### Task to complete
In the records below, find the line with "Gingerbread Oatmeal with", then copy each line exactly until you have copied the line with "Every emancipation has". Leave any picture out.
Start of Given records
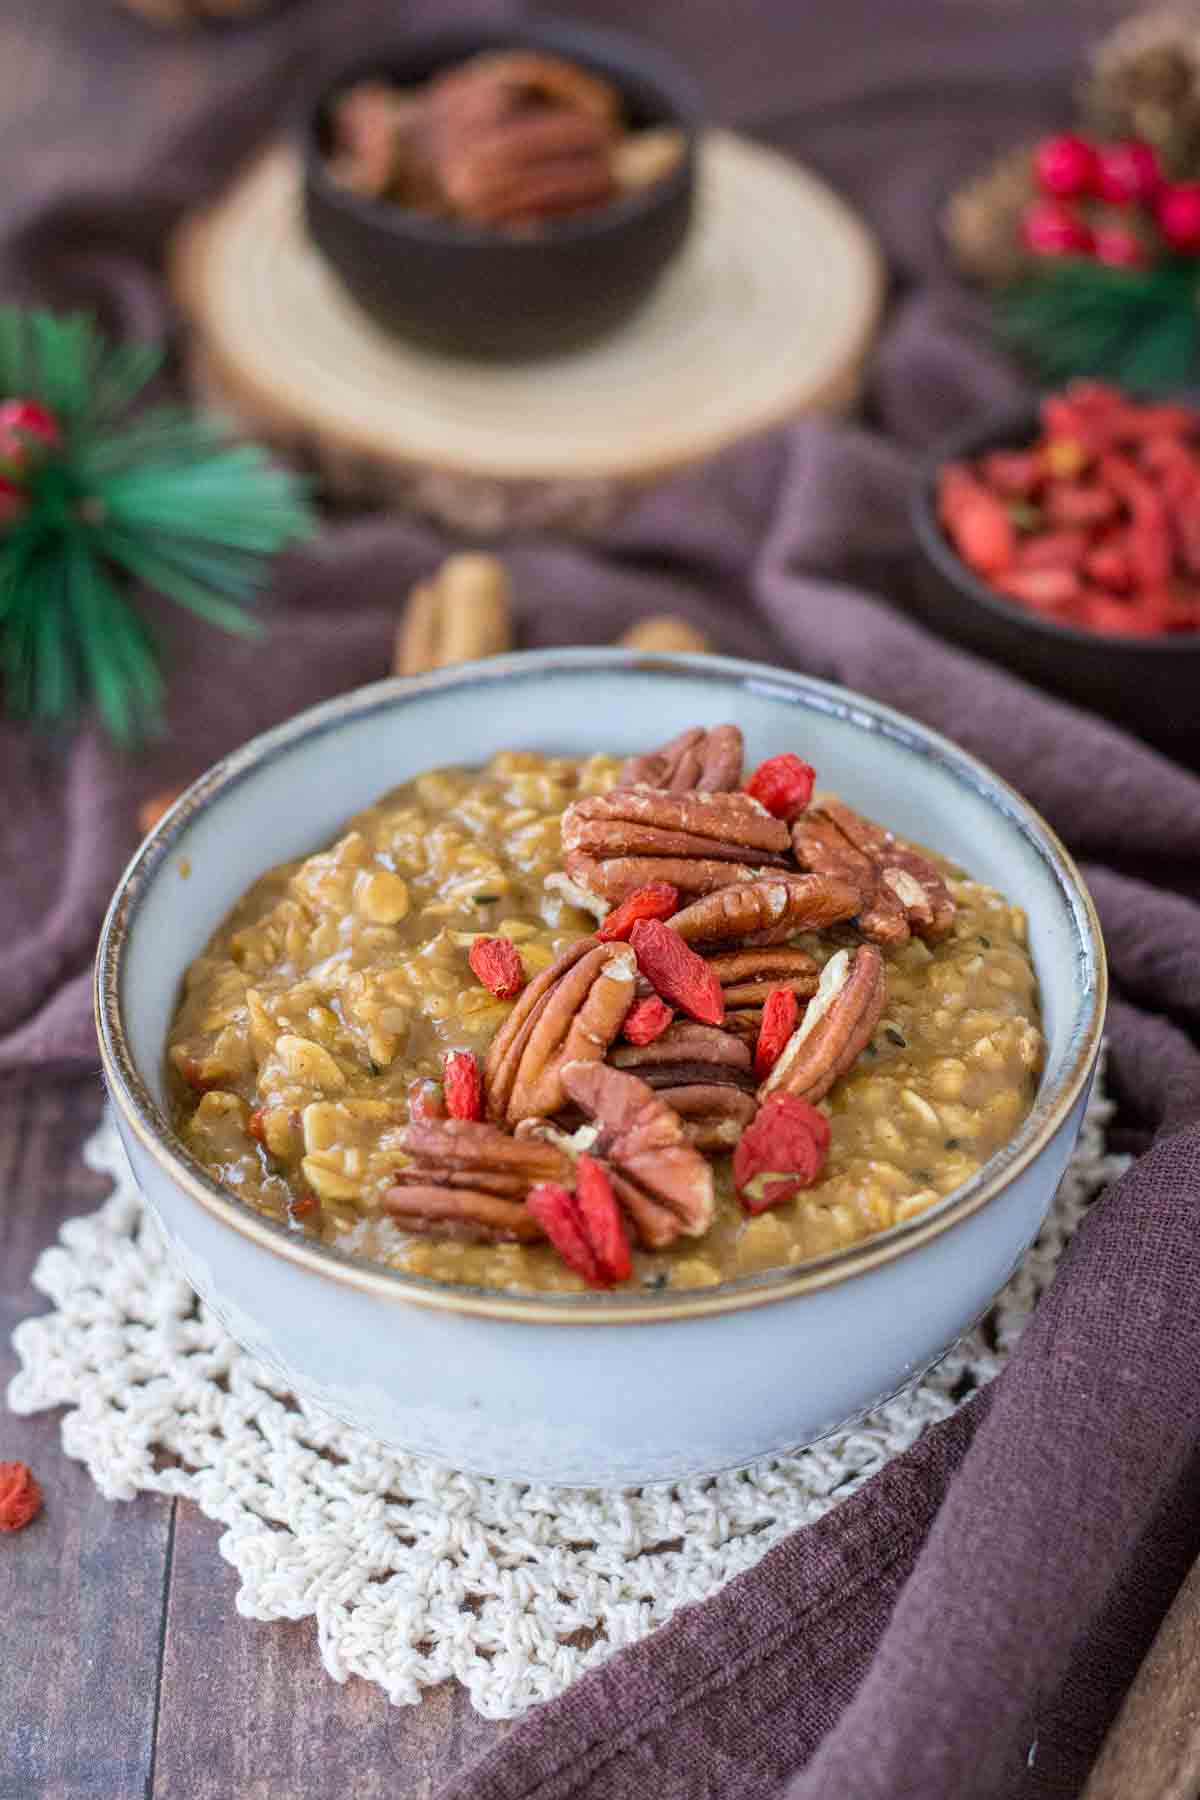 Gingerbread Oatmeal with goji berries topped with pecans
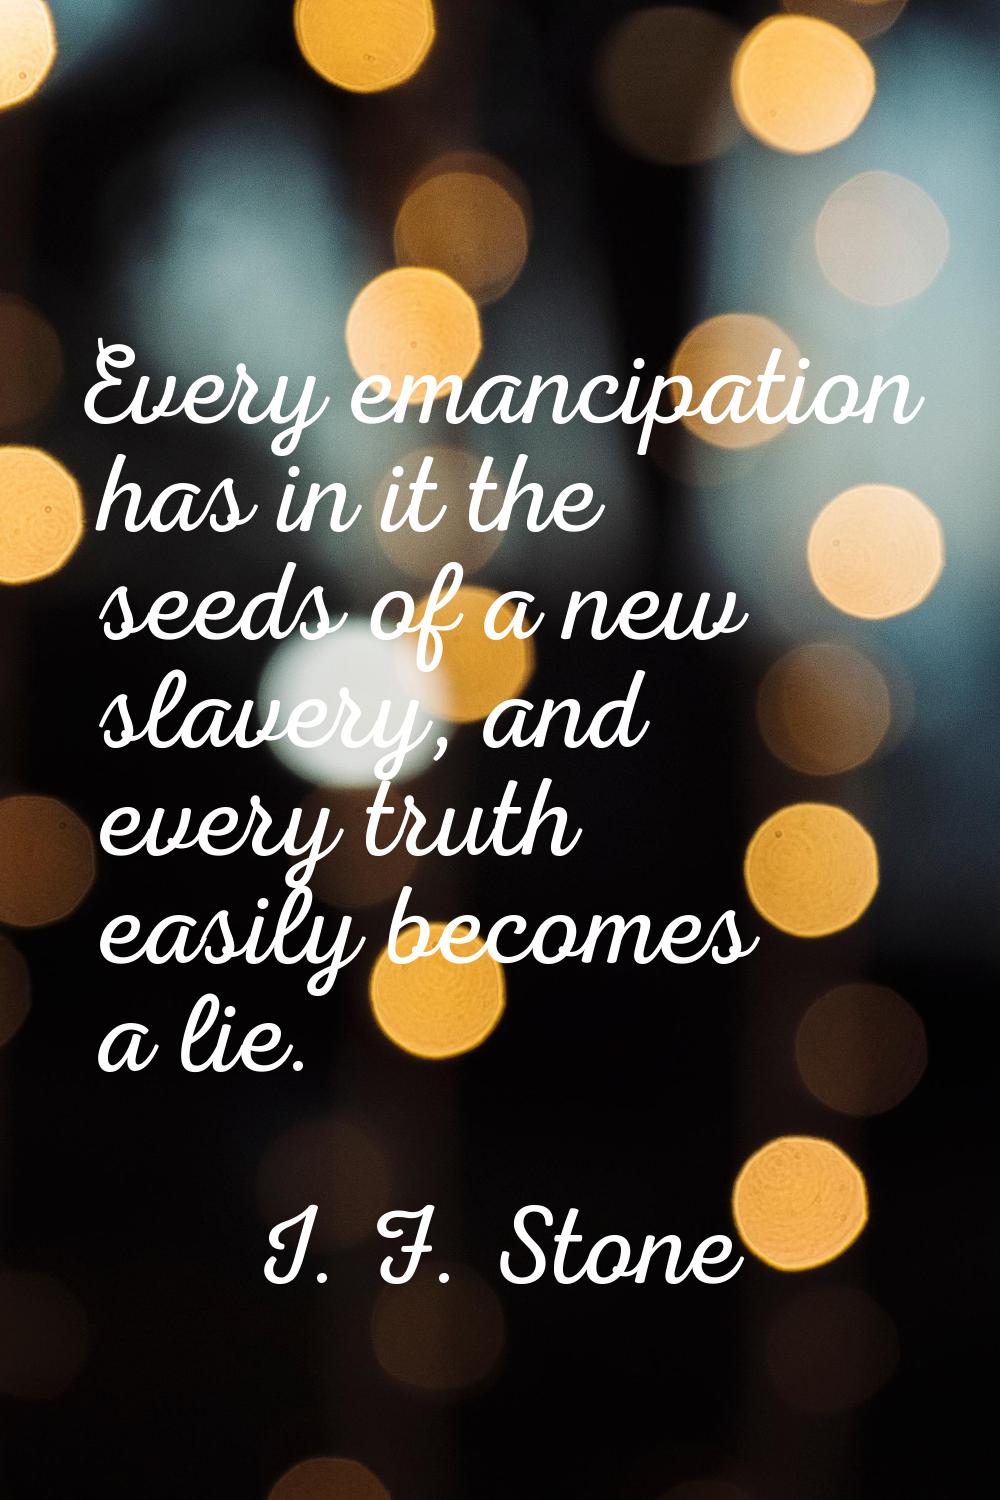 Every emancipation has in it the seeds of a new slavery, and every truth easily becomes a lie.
End of Given records
Start of Given records
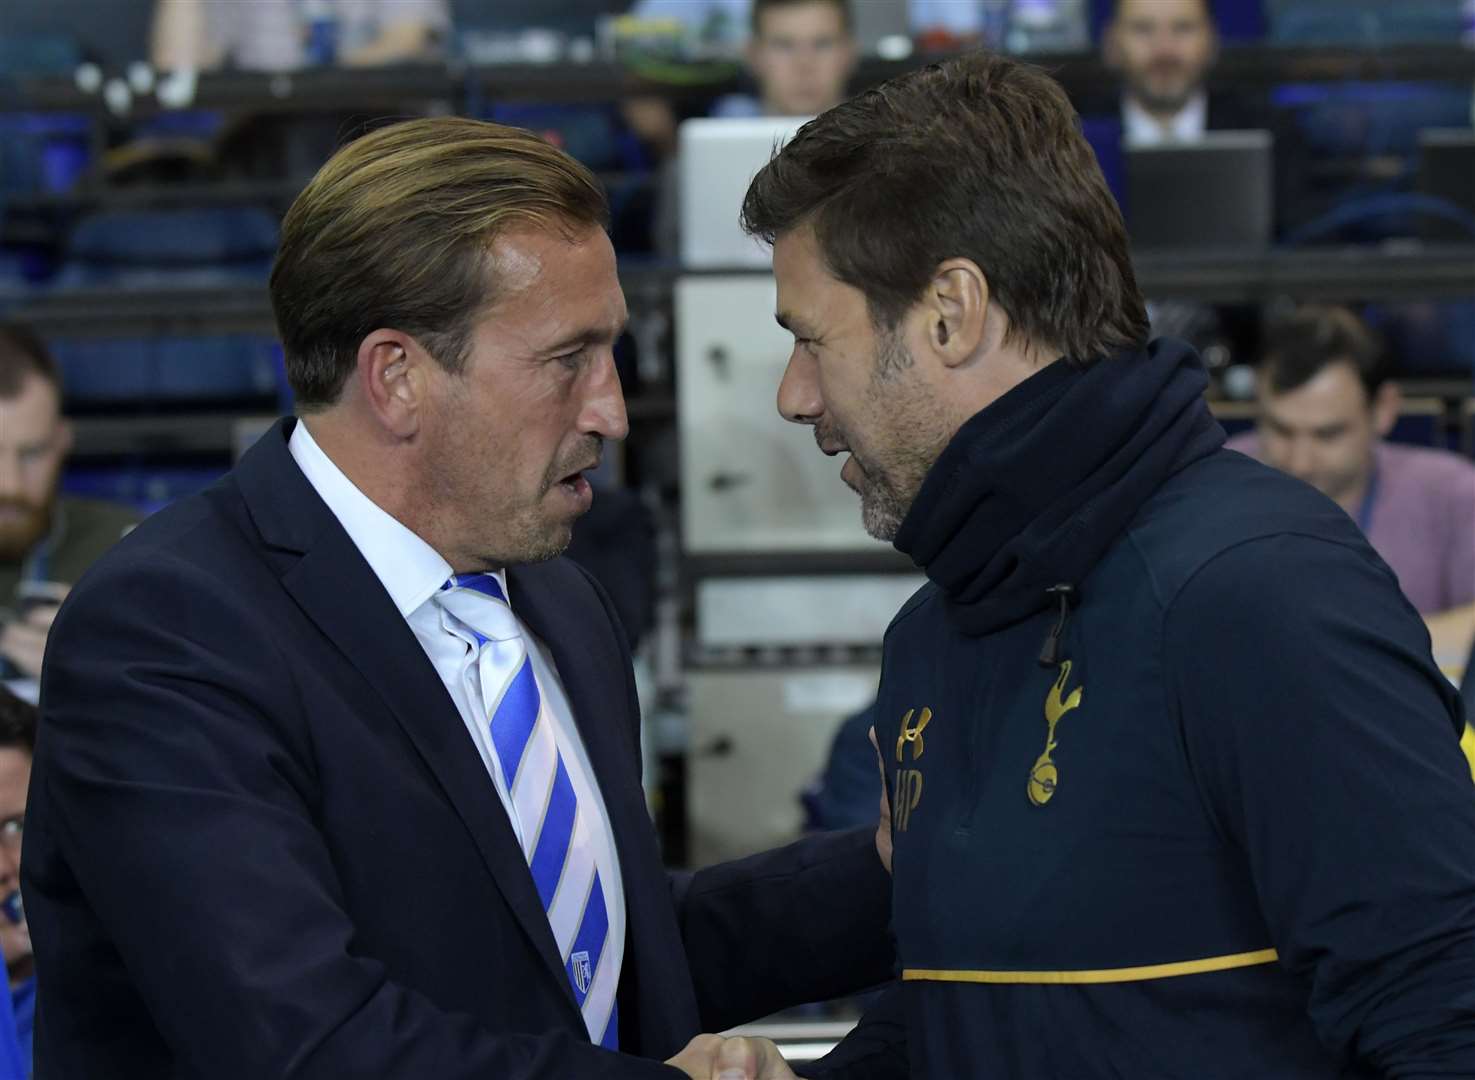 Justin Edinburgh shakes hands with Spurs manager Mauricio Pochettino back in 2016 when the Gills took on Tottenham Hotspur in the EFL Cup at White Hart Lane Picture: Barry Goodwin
End of Given records
### Answer to this problem
 Gingerbread Oatmeal with goji berries topped with pecans
 Every emancipation has in it the seeds of a new slavery, and every truth easily becomes a lie.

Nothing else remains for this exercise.